Within the first week or two, you should notice little roots forming, but it will be at least a few weeks before the roots are sufficiently long to allow you to pot the cutting. Give the roots room to grow to a few inches.
You can treat your cutting like a normal plant after you’ve placed it in potting soil and given it a good watering!
Propagate Pothos N’Joy in Vermiculite
To propagate your N’Joy in vermiculite (or perlite, or pumice), start with the same first step to take a cutting.
Place the base of your cutting into a small container with moistened vermiculite. Make sure at least one node, more if possible, is buried. Don’t bury any of the leaves – rather, remove them.
Keep the vermiculite moist (but not wet), allowing the roots to develop. I find that regularly misting the vermiculite keeps it sufficiently moist for root growth.
Before a new root system forms, at least a few weeks will pass. You may check this by giving the cutting a very light tug after about a month. If there is resistance, a root system has developed, and you can plant it (them) in a potting mix (see above)
Air-Layering N’Joy Pothos
The phenomenon of air layering propagation frequently happens in nature. An example is when a low branch or stem reaches the ground and establishes roots.
The newly rooted stem receives identical genetic material directly, which can then be severed from the parent plant to begin a new plant.
Air layering is rather easy to do. Coconut coir that has just been wet is wrapped around a damaged stem portion.
Peel the bark off a section of a branch in the middle, then wrap moss over the wound and fasten it with floral ties or plant twine. To keep the moisture in, cover everything with plastic wrap.
Roots will emerge in about three weeks, after which you can cut below the rooted section for N’Joy Pothos plant duplication. I think that’s so clever.
N’Joy Pothos Challenges
Pothos generally has few pest problems but is occasionally affected by some insects or diseases. Root rots, with brown or nonexistent roots symptoms, are commonly promoted by overwatering.
Blackening of the leaf margins or tips can be caused by overwatering, inadequate watering, or excess fertilizer (because of the buildup of salts in the soil). The discoloration of the soil is often accompanied by leaves becoming yellow.

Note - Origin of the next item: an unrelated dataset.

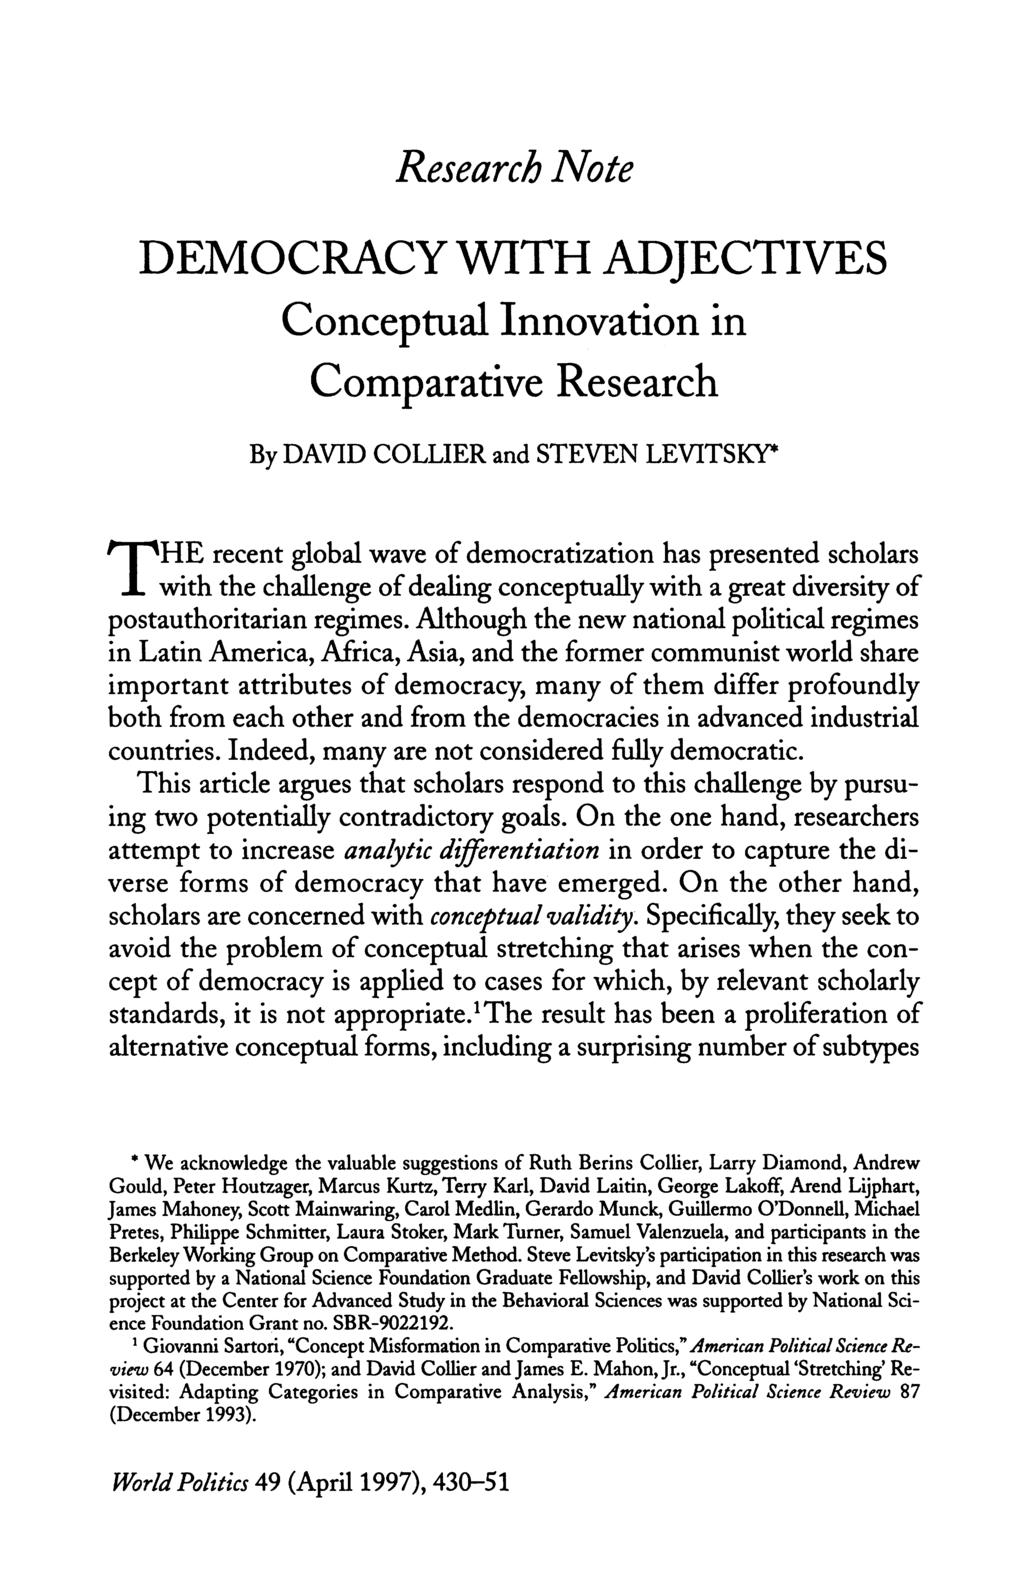 Research Note DEMOCRACY WITH ADJECTIVES Conceptual Innovation in Comparative Research By DAVID COLLIER and STEVEN LEVITSKY* recent global wave democratization has presented scholars THE with

The most common insect pests infesting Pothos in homes are mealybugs and scales. Mealybugs appear as white, cottony masses, frequently in the leaf axils, on the lower surfaces of leaves, and even on the roots.
Scales look like bark-colored bumps on the stems and leaves and are sometimes difficult to distinguish from the plant material on which they feed. These pests may produce copious amounts of honeydew (many, but not all, do), so the leaves and nearby surfaces may be sticky and sooty mold may develop.

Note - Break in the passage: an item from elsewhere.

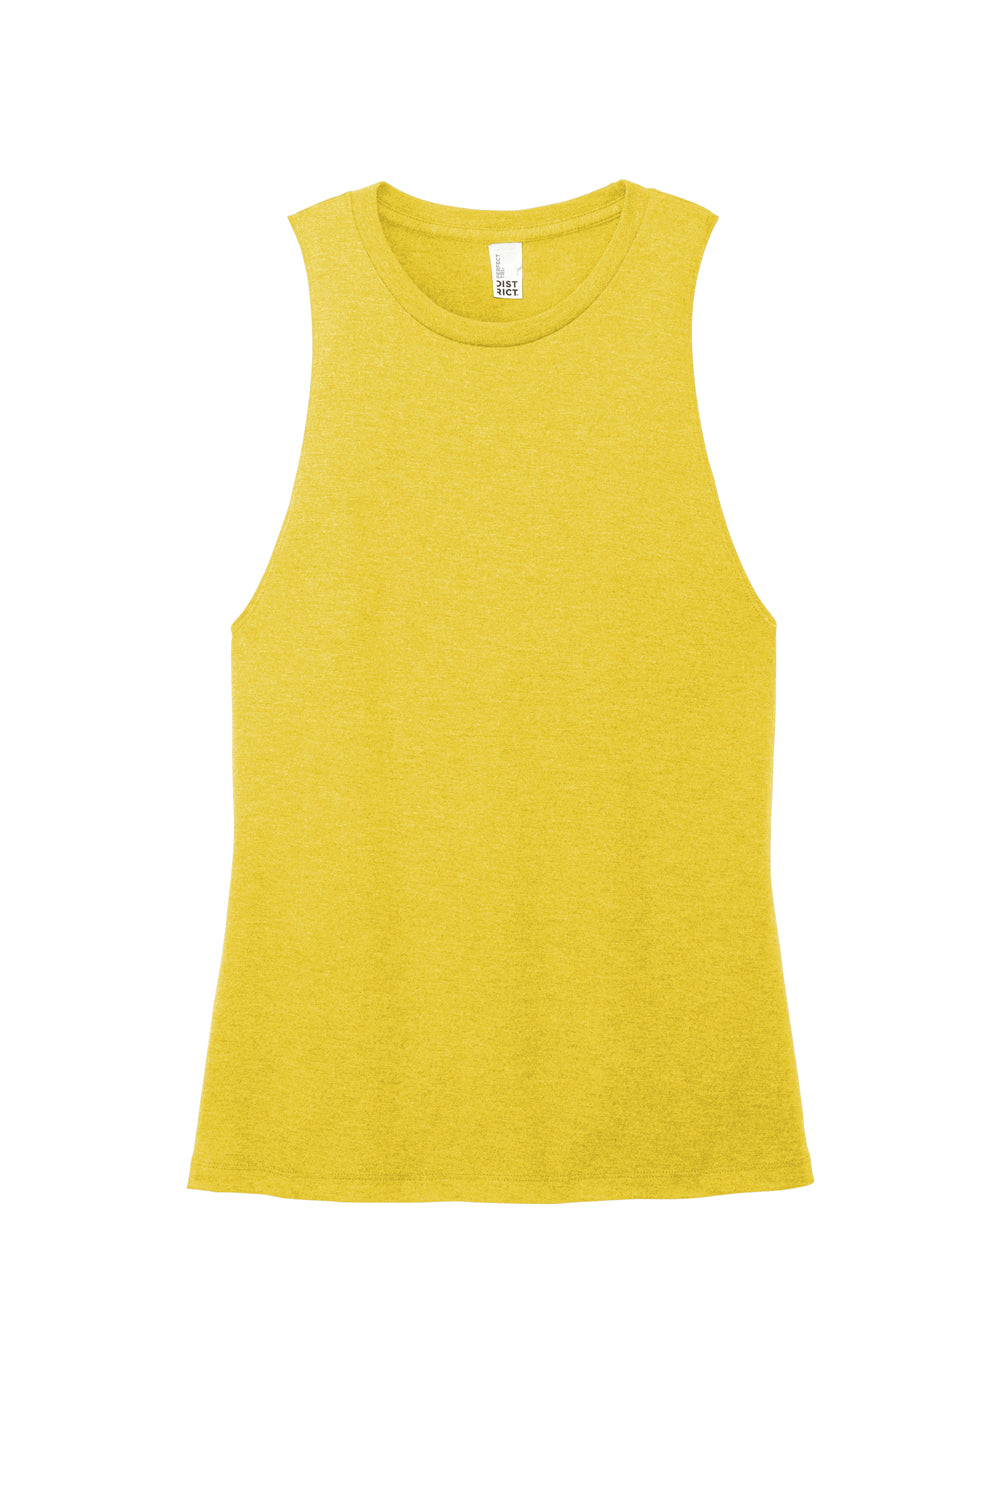 District DT153 Womens Perfect Tri Muscle Tank Top Heather Ochre Yellow Flat Front

Infested plants become stunted, and with severe infestations, plant parts begin to die. Pesticides may be used to control these insects, but often it is better to discard the plant and start over with clean plants or cuttings.
Spider mites occasionally infest Pothos and can easily be controlled with a thorough cleaning and frequent applications of insecticidal soap.
Low light can result in loss of variegation. Low temperatures or abrupt changes from very high to moderate temperatures can cause scattered brown patches, usually located in the center of the leaf, especially if plants are succulent and growing vigorously.
Is N’Joy Pothos toxic to cats and dogs?
All aroids, including Pothos, Philodendron, and Monstera, are toxic to people and pets as they contain calcium oxalate crystals. These toxins can cause swelling, inflammation, and pain in contact with the skin or oral cavities.
In Closing
The N’Joy Pothos is a true gem in the houseplant collection, with its beautiful variegation making it stand out. You’re in for a fantastic treat if you’re prepared for a possibly wide range of growth and coloring. If you look after your N’Joy Pothos, it will continue to produce beautiful leaves for many years.